А тысяцкий иной раз чесал седой затылок.
— Я тебя, Гришка, во дворец забрал, облагодетельствовал, а ты здесь всех баб перепугал. С такими глазищами только на помосте топором махать! Может, тебя в подручные к Никитке-палачу определить? — не шутил воевода.
— Помилуй Христа ради, батюшка! Навоз буду убирать, сральни чистить, но в заплечные мастера не пойду.
— Ты бы хоть женился, авось и взгляд бы твой потеплел. А то как на бабу посмотришь, так она рожать готова.

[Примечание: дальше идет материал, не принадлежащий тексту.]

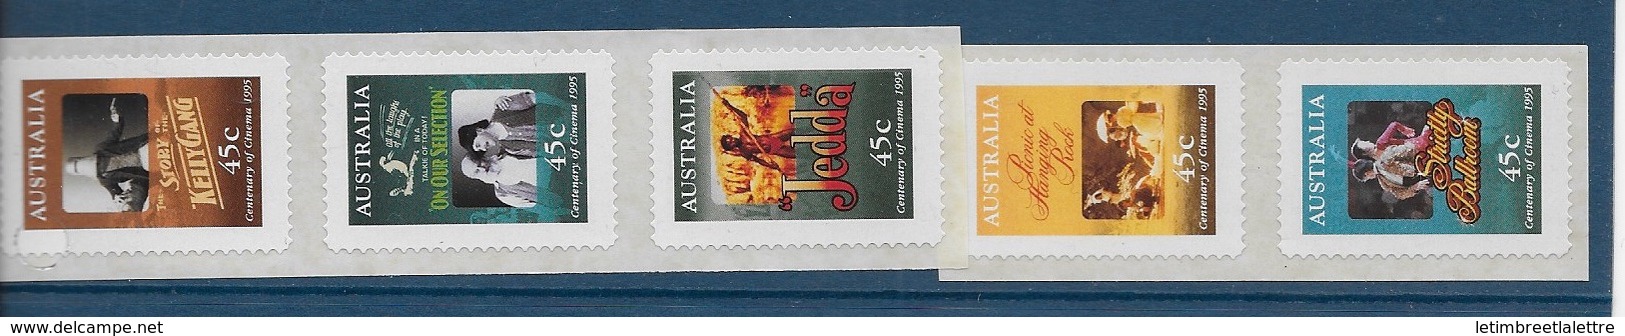 Australie N°1445 à 1449**adhésif - Mint Stamps

Как ни старался Гришка, а только взгляд его не теплел. Похорохорится иной раз перед девахой, выставит себя петухом, а та и в слезы. Видно, и помер бы Григорий Лукьянович бобылем, если бы не давний обычай московитов возить засидевшихся в девках дочерей по деревням. Посадит иной отец перезрелую дочь на телегу и, проезжая по селениям, орет во все горло:
— Поспело, созрело, кому надобно?! Поспело, созрело, кому надобно?!
Подходят бобыли, прицениваются, и непременно всякий раз находился охотник на залежалый товар.
Григорий повстречался с Парфенией через день после того, как отстоял у Благовещенской лестницы недельный караул. Впереди его ожидал отпуск в несколько дней, и он, помаявшись в Москве от безделья, решил поехать в деревню.
Миновав Живодерный двор, выехал на Ходынское поле, поросшее бурьяном и чертополохом, а далее прямиком на Тверскую дорогу, к которой спускалась Ямская слобода. Селение было крепкое, одних дворов сотни две. А скота и вовсе не сосчитать: когда пастух выгонял коров на луг, то на добрый час стадо могло перегородить всю дорогу.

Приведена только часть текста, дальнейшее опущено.